The answer must consist solely of the lines from the one with "Plantain bunch (matooke), staple" through the last line of the data, copied exactly, with no pictures.

Data below
+===+
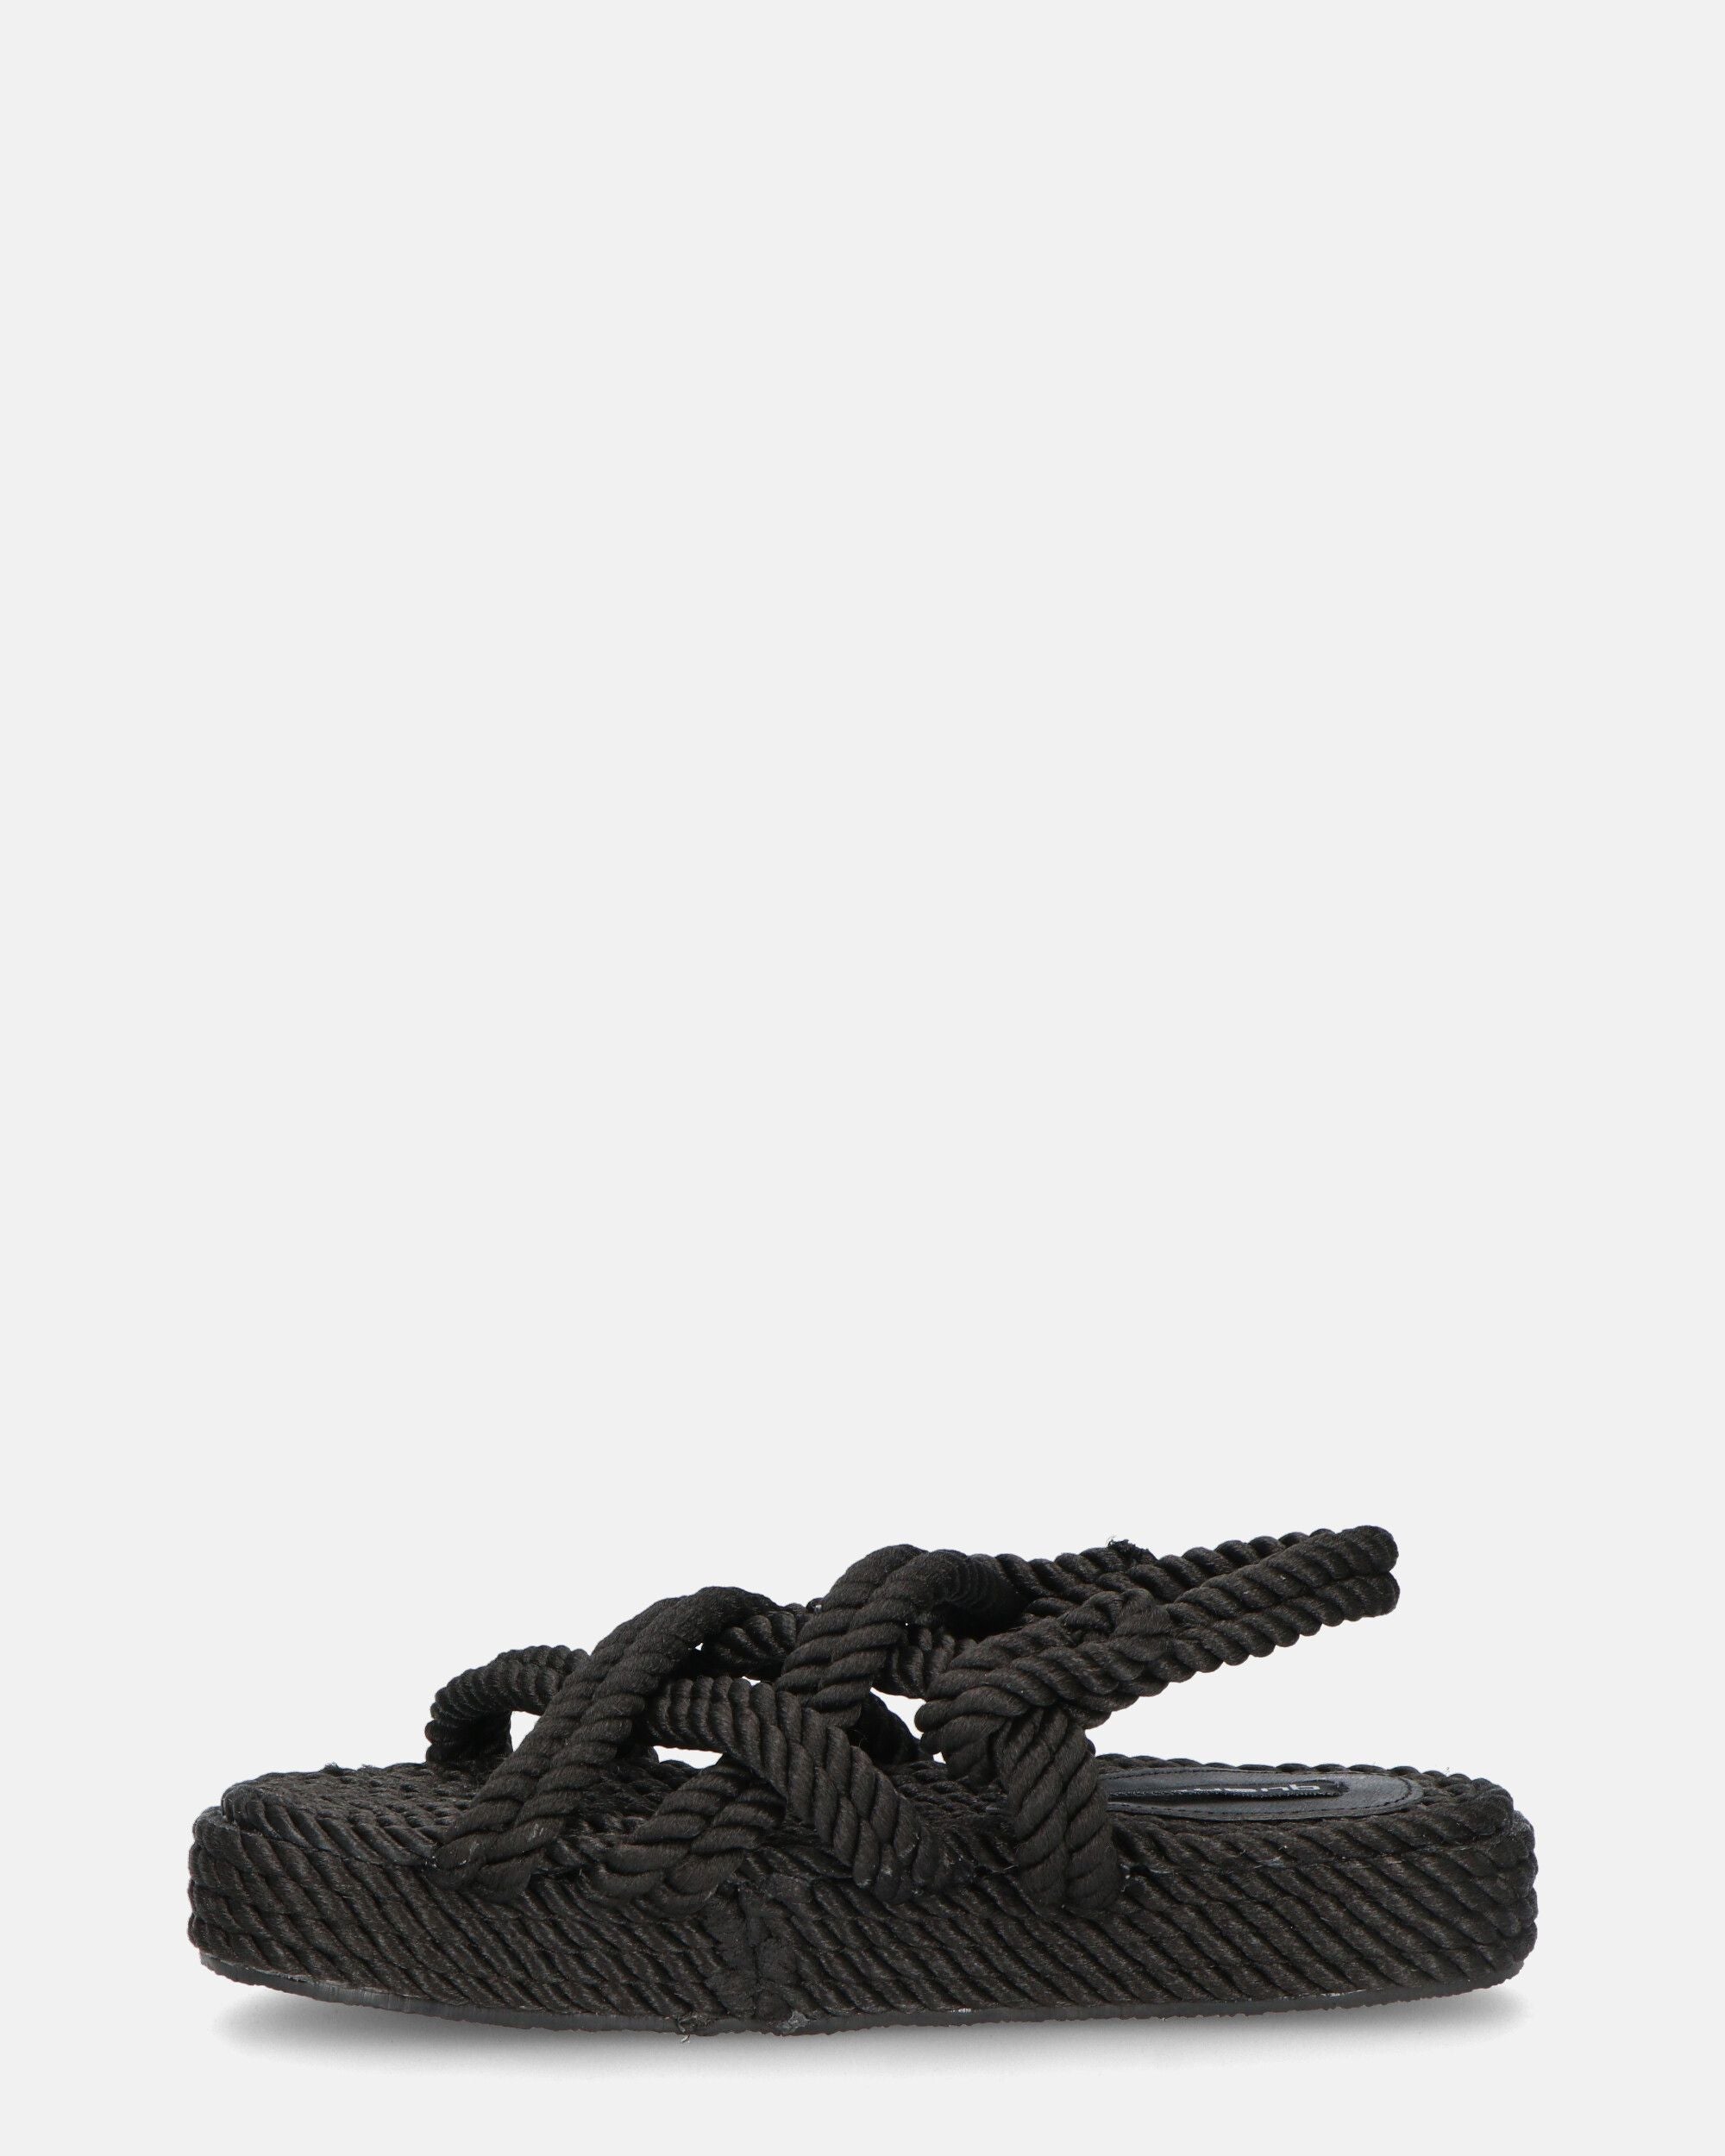 MARIYA - sandalias negras de cuerda trenzada
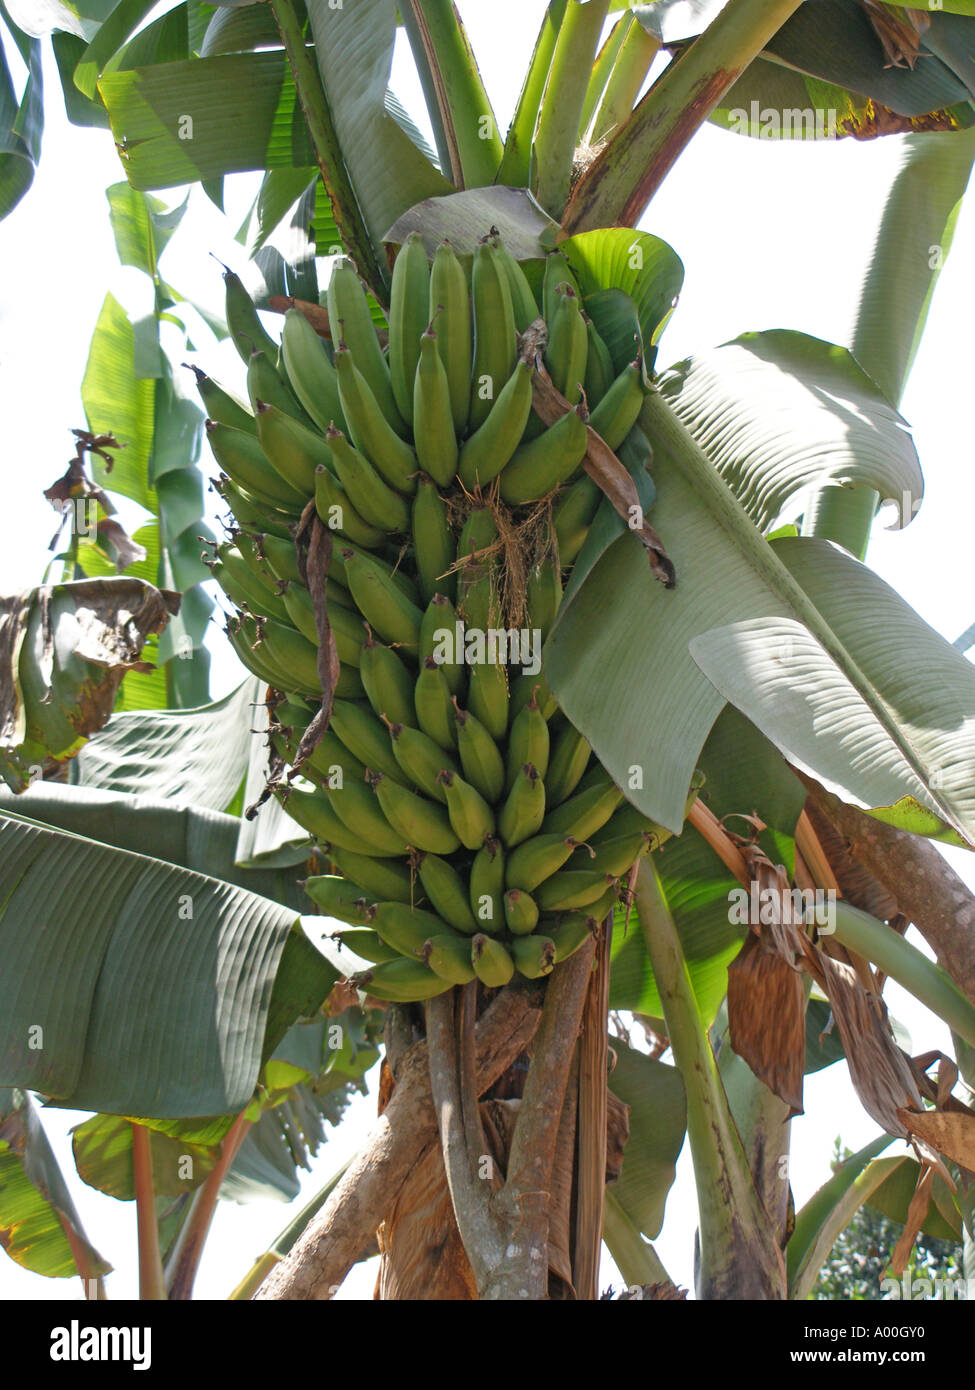 Plantain bunch (matooke), staple diet in southern Uganda Stock Photo
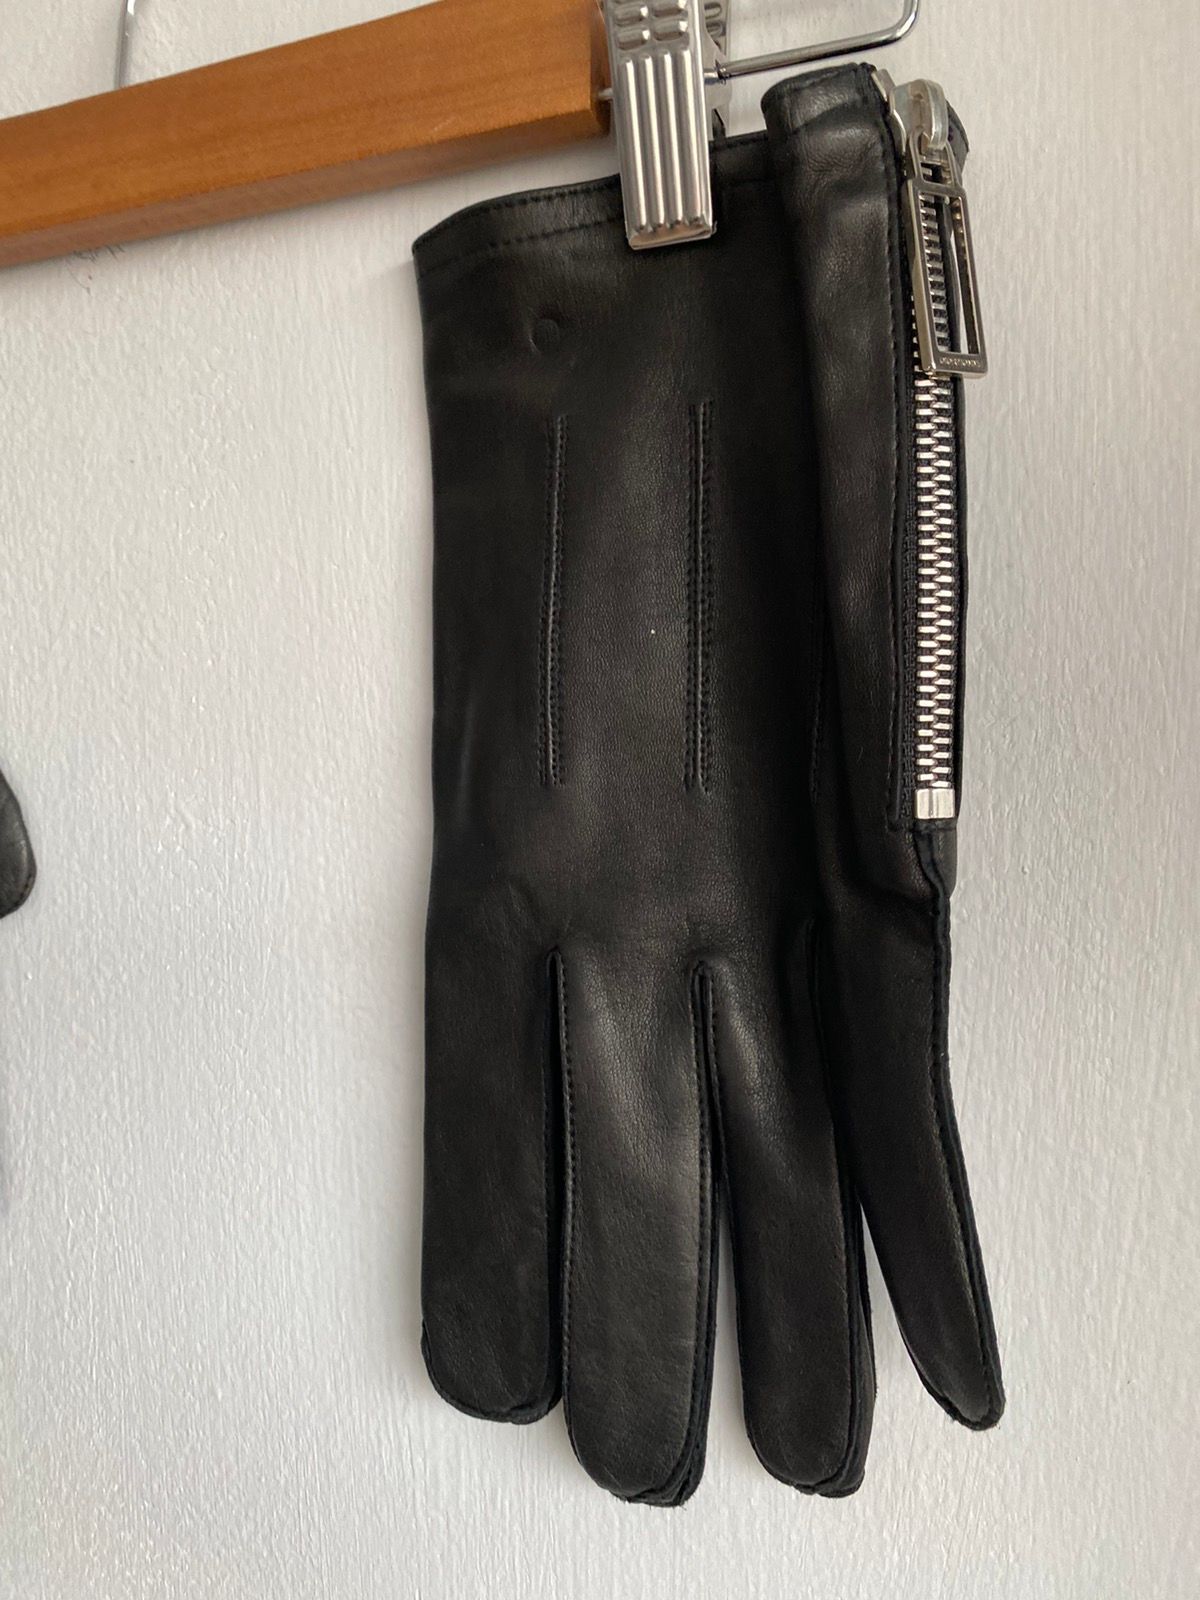 Dior Homme NEW Black Leather & Silk Gloves $2000
+===+
Exercise output
 Plantain bunch (matooke), staple diet in southern Uganda Stock Photo
 Dior Homme NEW Black Leather & Silk Gloves $2000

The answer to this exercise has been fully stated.